== Your instructions ==
What are the lines, copied exactly, from the one containing "HP用 HP 61XL 再生インク ブラック 増量版" through the final line of the material? Leave the pictures out.

== Data block ==
►

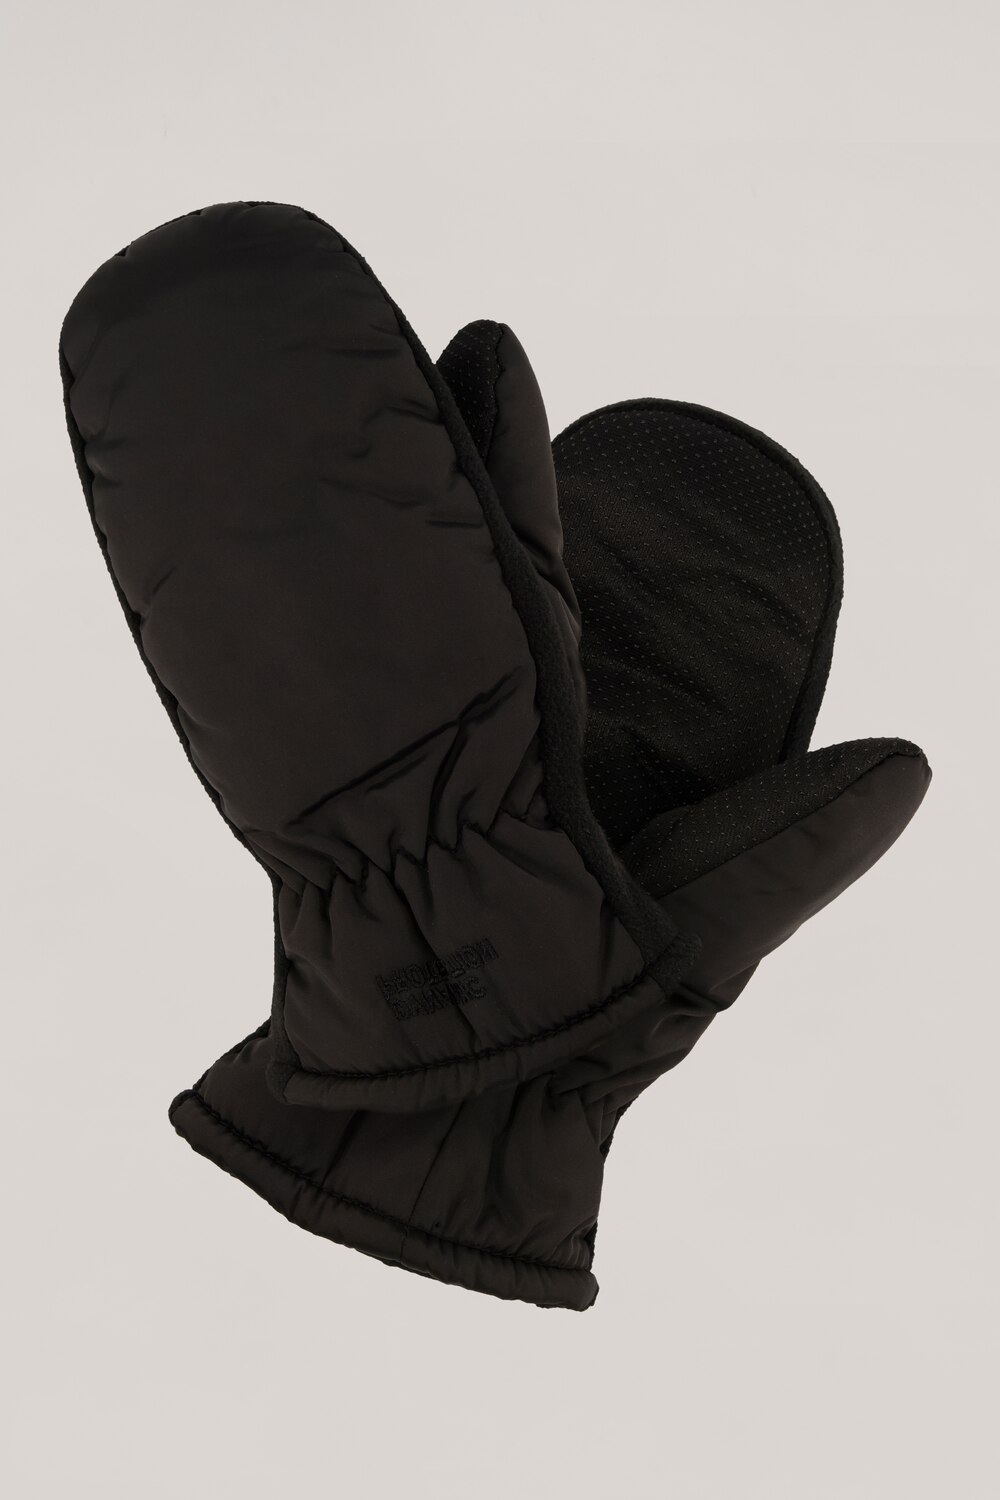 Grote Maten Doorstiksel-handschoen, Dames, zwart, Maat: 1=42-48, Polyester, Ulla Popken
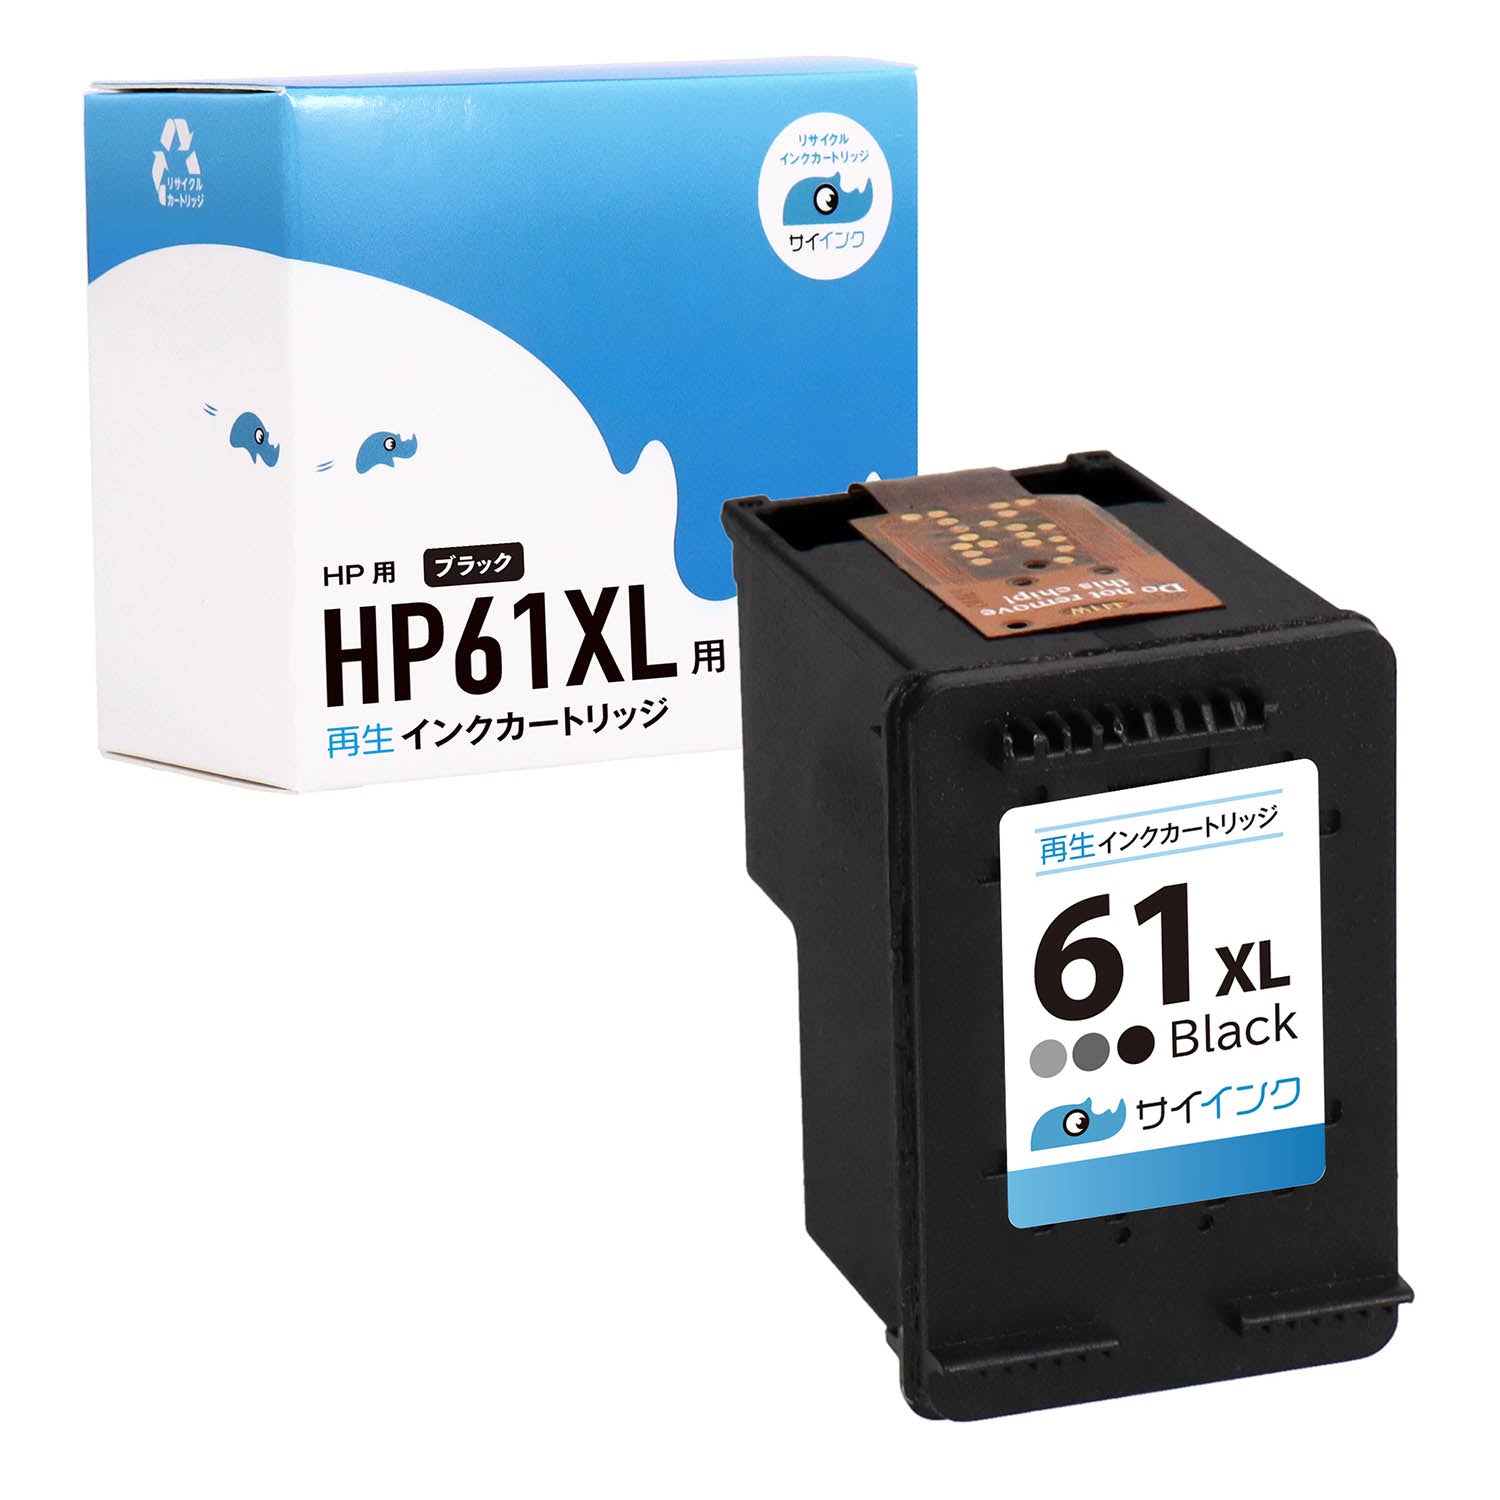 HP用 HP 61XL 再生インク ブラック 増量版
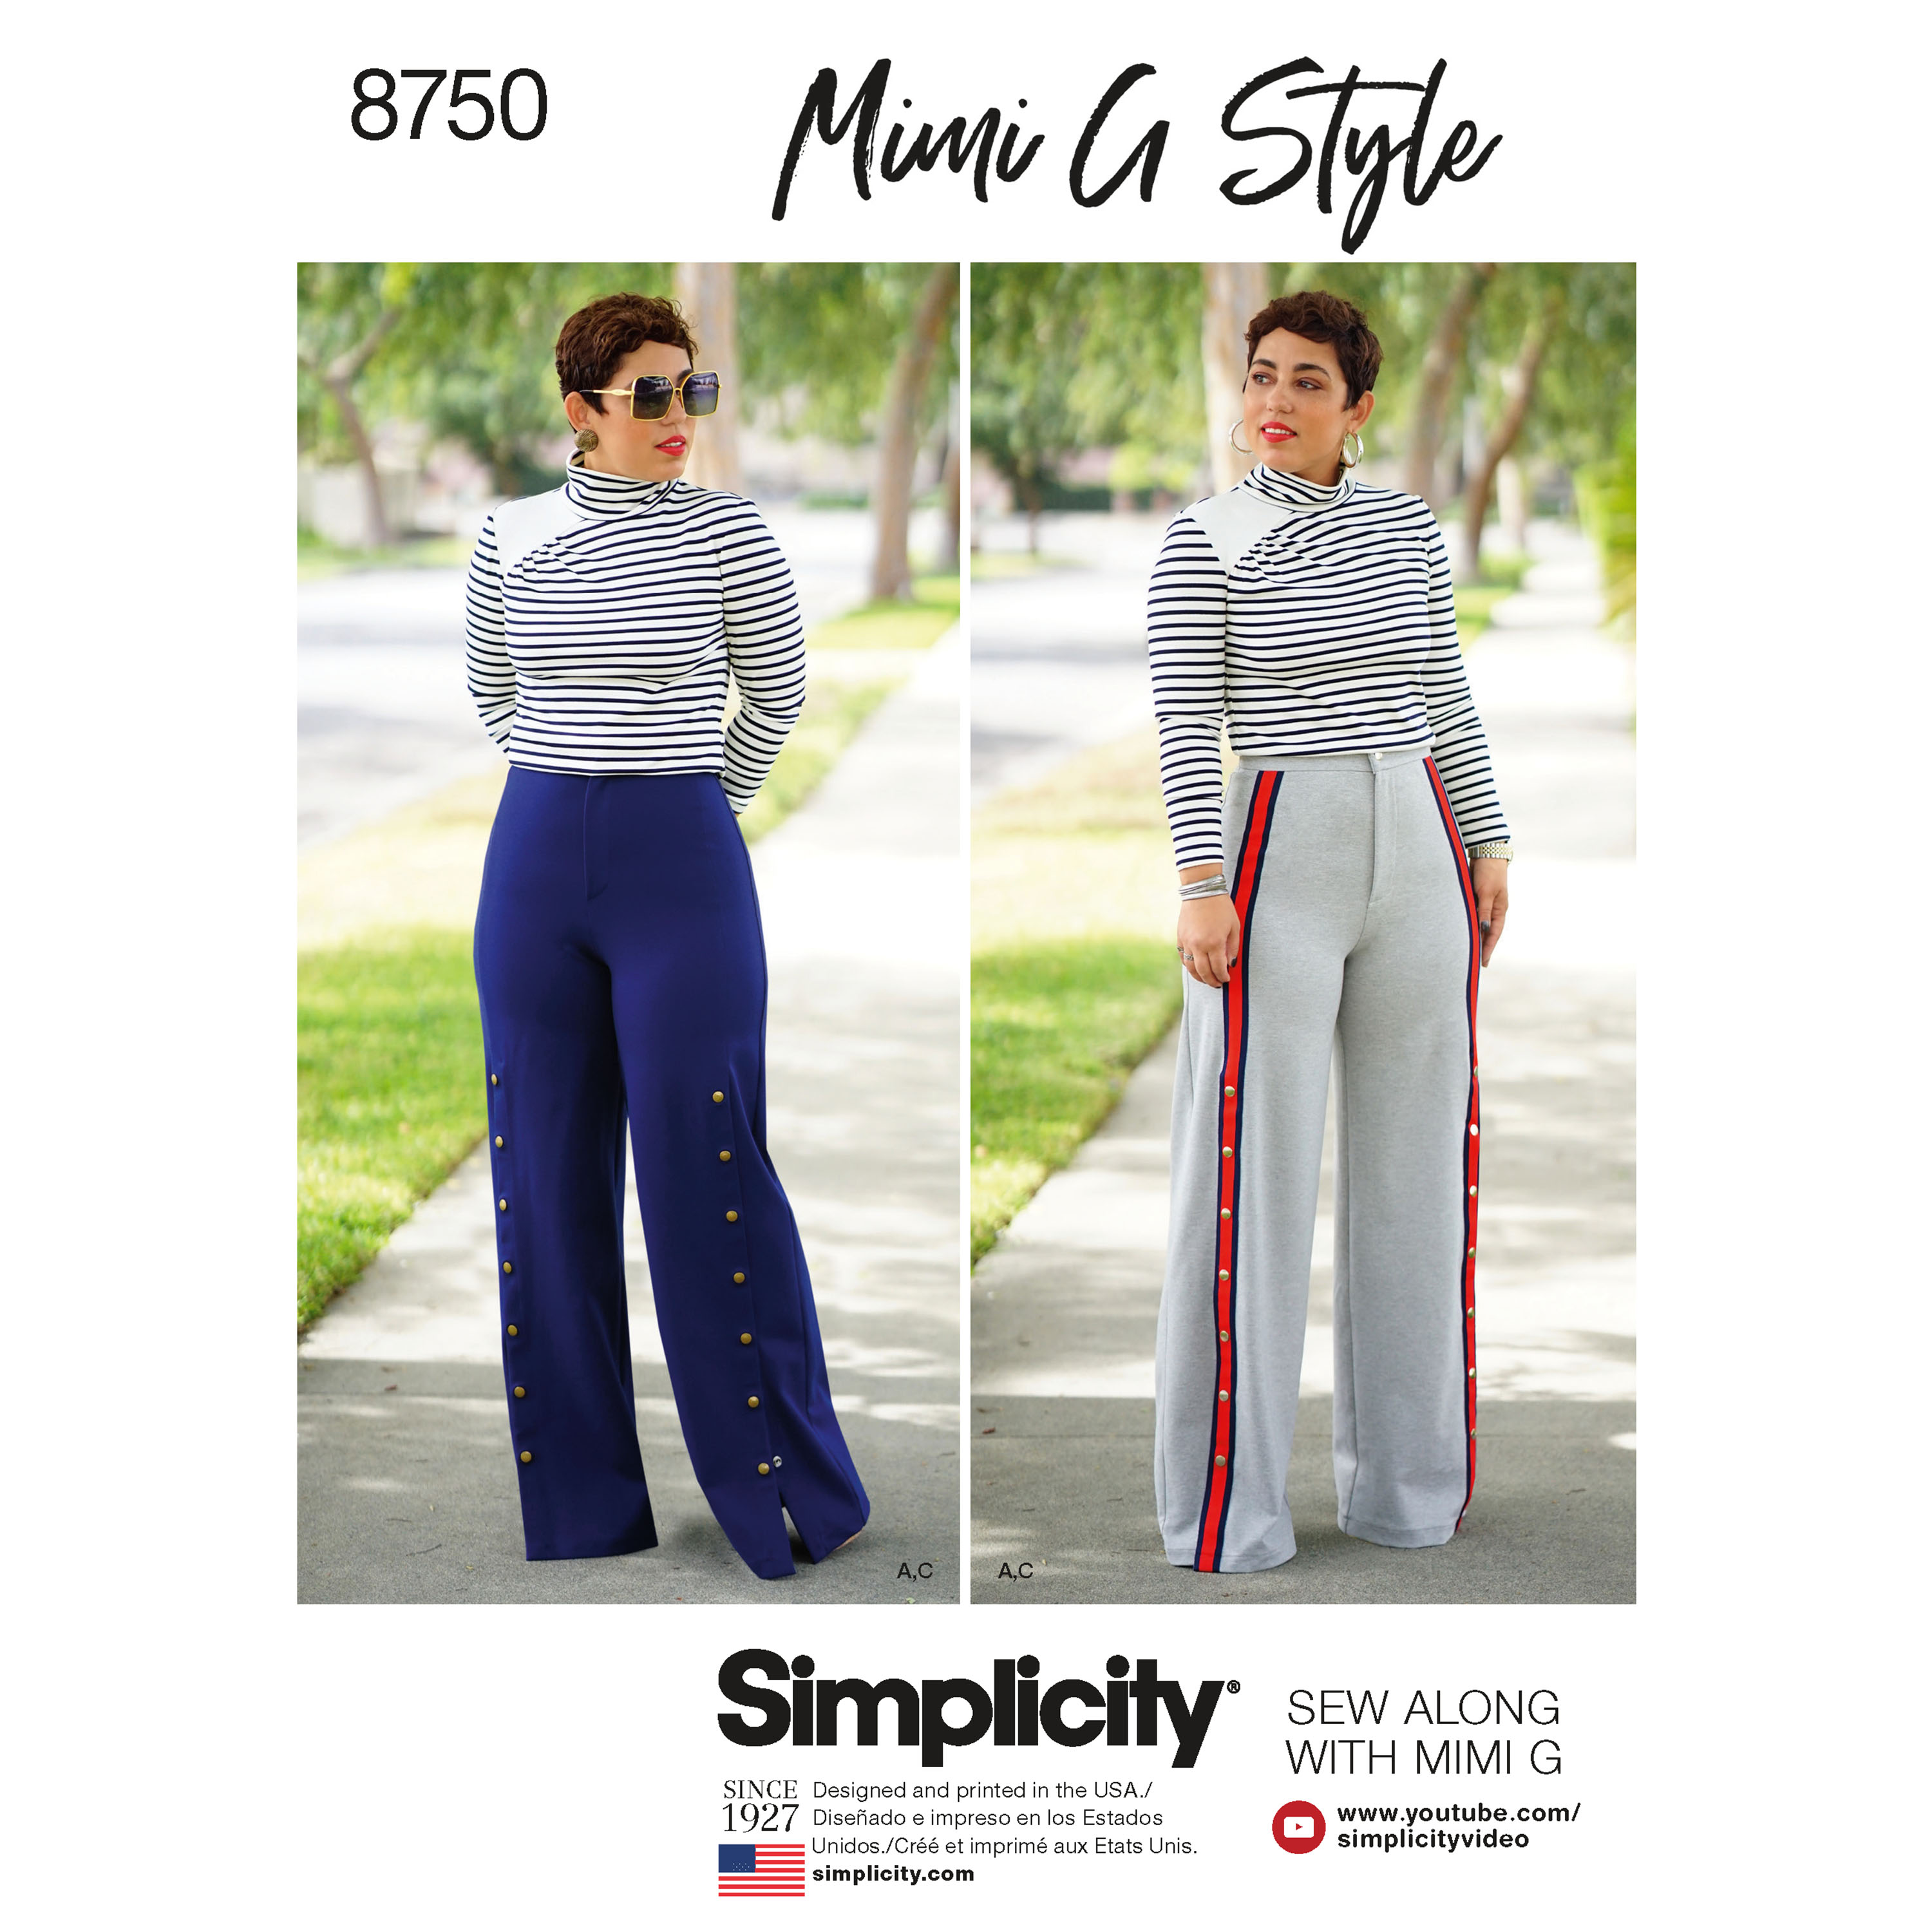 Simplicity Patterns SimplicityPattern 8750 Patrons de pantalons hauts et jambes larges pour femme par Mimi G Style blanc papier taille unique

◄

== Reply to the task ==
 HP用 HP 61XL 再生インク ブラック 増量版
 Simplicity Patterns SimplicityPattern 8750 Patrons de pantalons hauts et jambes larges pour femme par Mimi G Style blanc papier taille unique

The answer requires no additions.